The International Criminal Court (ICC) issued an arrest warrant for President Omar Hassan al-Bashir in March last year for war crimes in Darfur. He responded by expelling the major aid agencies from Darfur, leaving a hole in the world's largest humanitarian operation. Oxfam America was one of the small agencies left in Sudan which had to step up its work to fill the gap, but country director El Fateh Osman Adam said there was still much to do. "We worked hard to address the immediate life-saving issues, provide water, sanitation," he told Reuters in an interview. "If it was not provided we may have seen humanitarian catastrophe," he said. "But there are gaps in a number of areas, livelihood... protection... and nobody is talking about education."
Sister agency Oxfam GB was one of the largest and oldest agencies working in Sudan before being expelled last year.
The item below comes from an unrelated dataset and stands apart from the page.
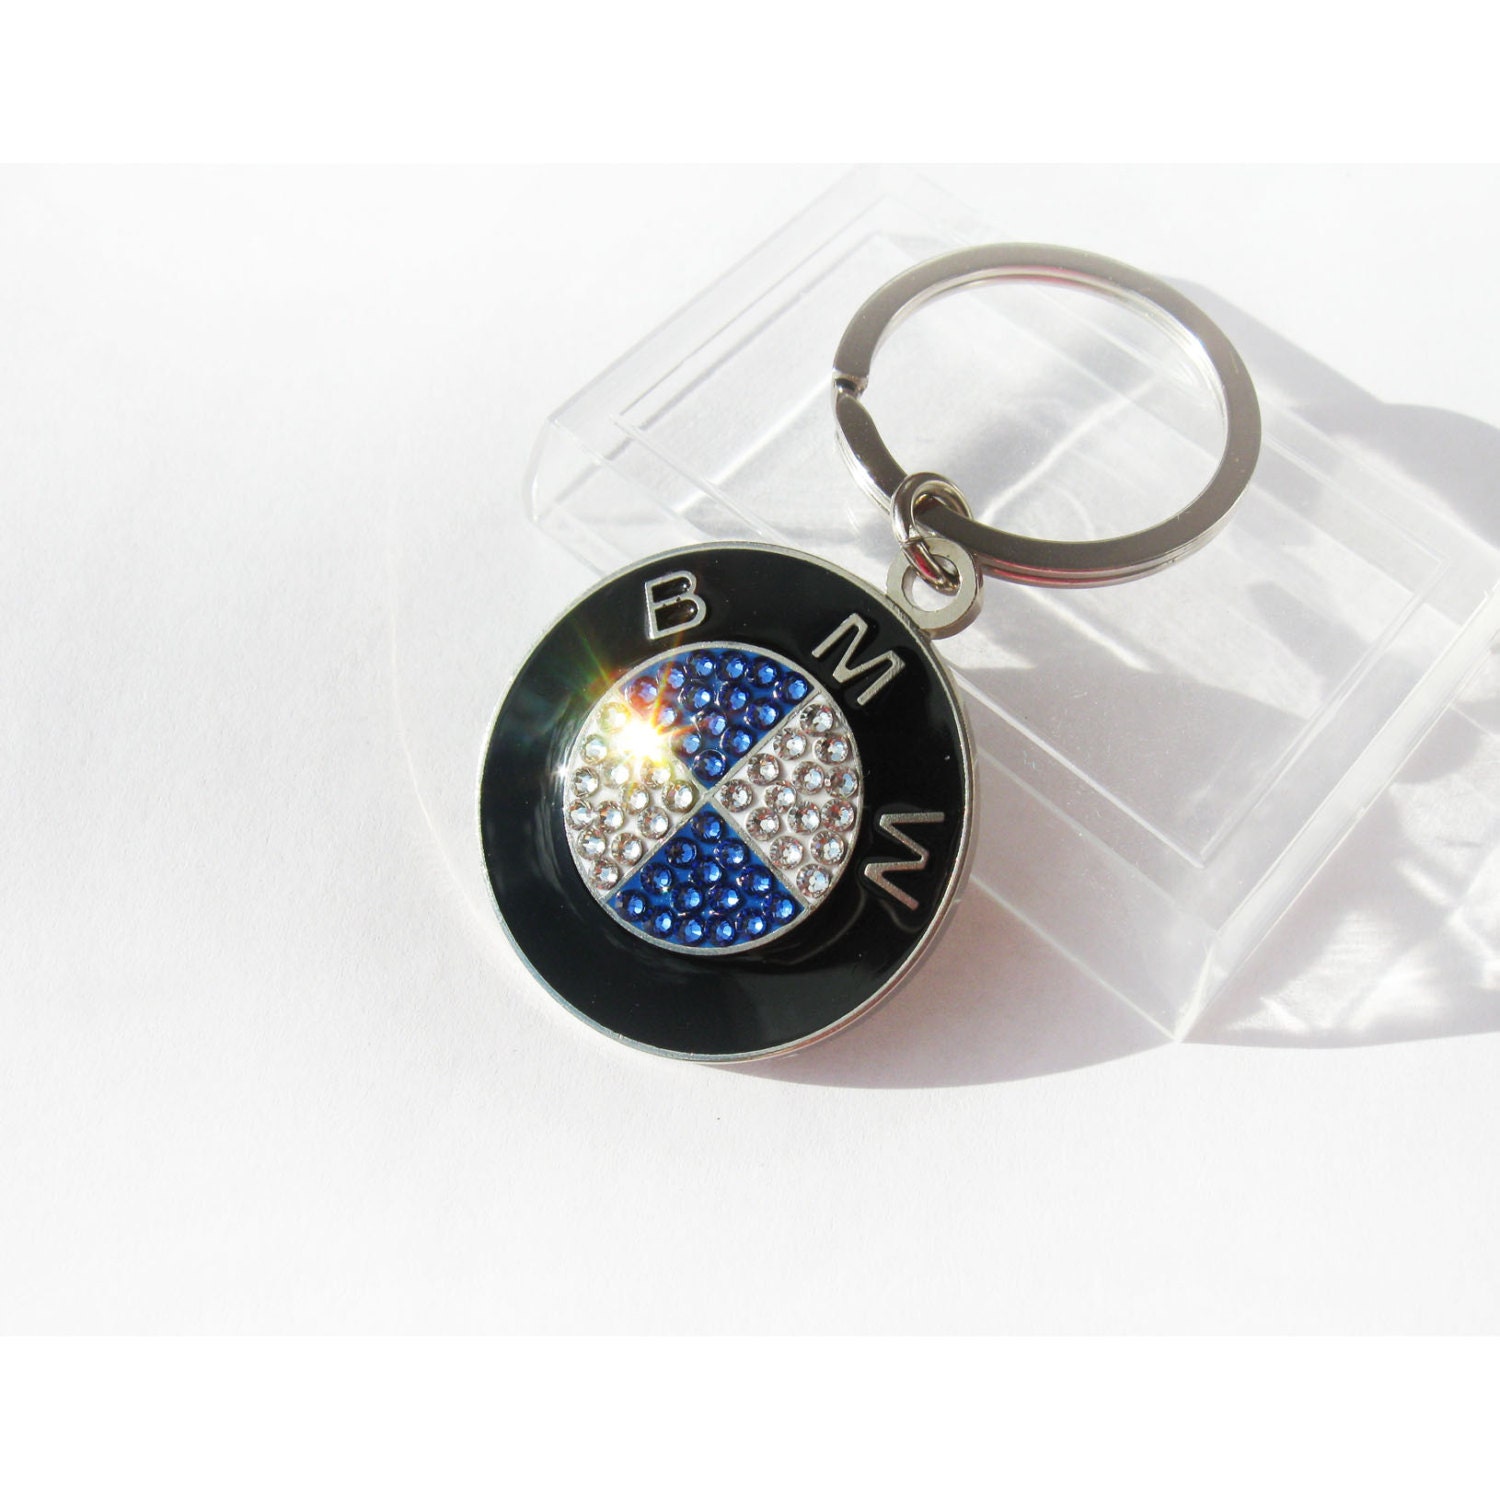 Mercedes bling keychains #5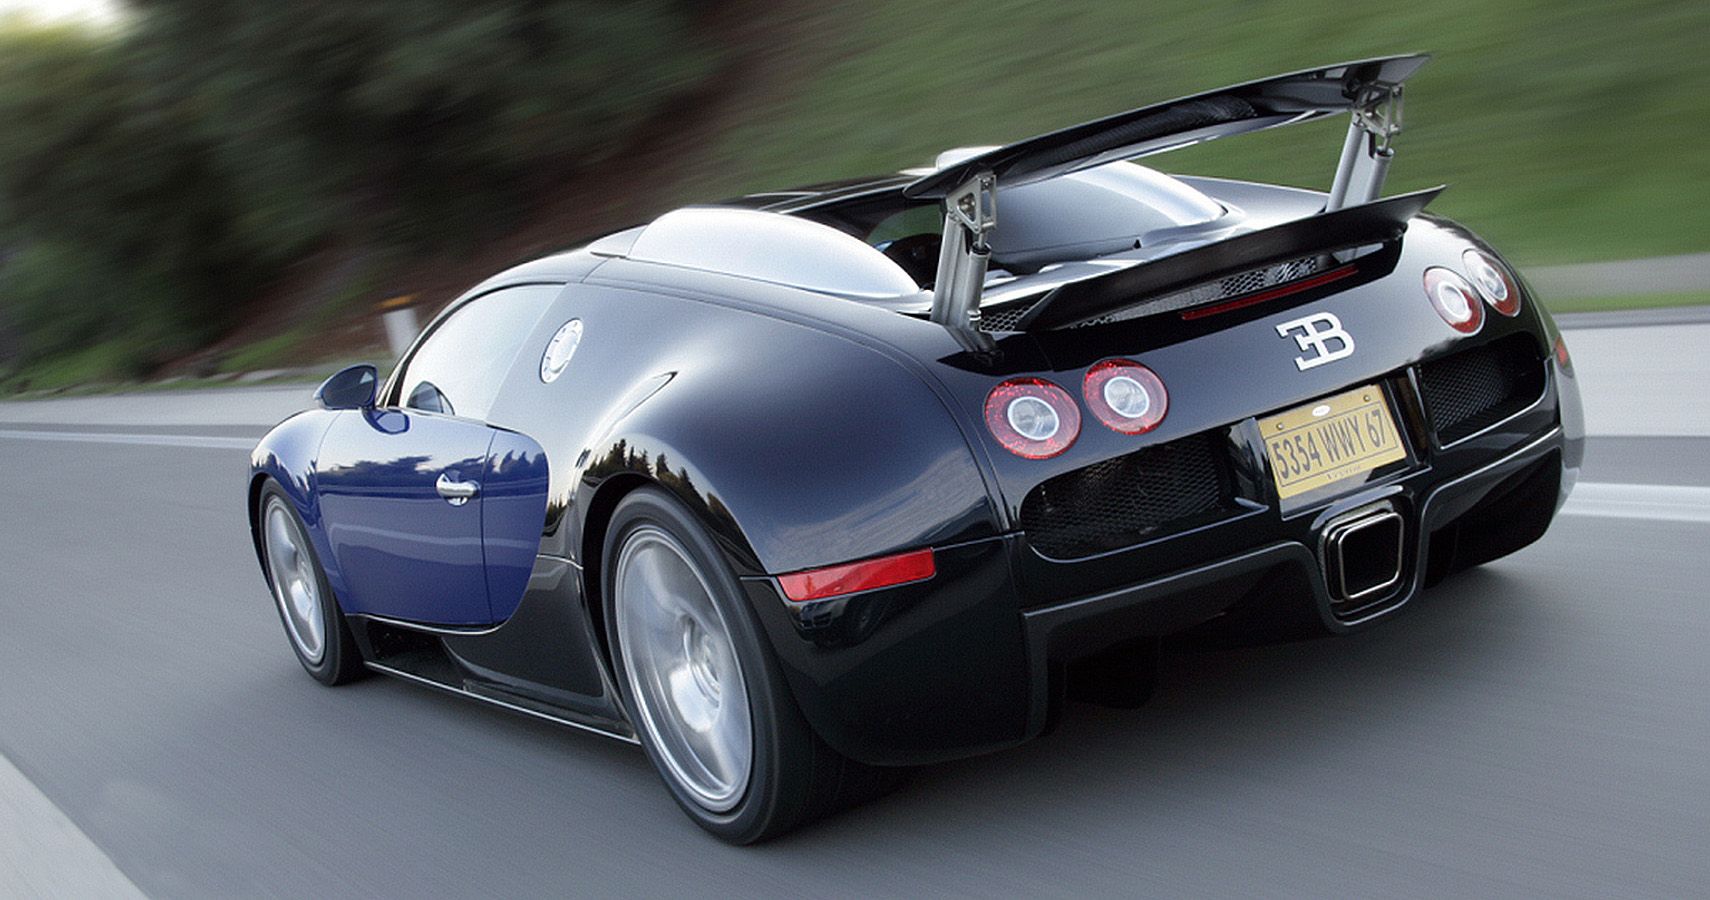 The 2005 Veyron Cost $1.24 Million… But The Actual Cost Of Owning One Was Much Higher

Adam said his organisation's priority was to support Sudanese aid agencies to one day take the lead in the humanitarian operation in their own country.
"It's not something that will happen in one day -- we have to have the patience until we build the capacity of our local partners," he said.
"The expulsion showed that you can suddenly lose everything ... but if you are supporting other (local) actors then what you have done can continue."
Adam said international aid agencies, the United Nations and the Sudanese government should all work to help local organisations to lead the aid effort themselves.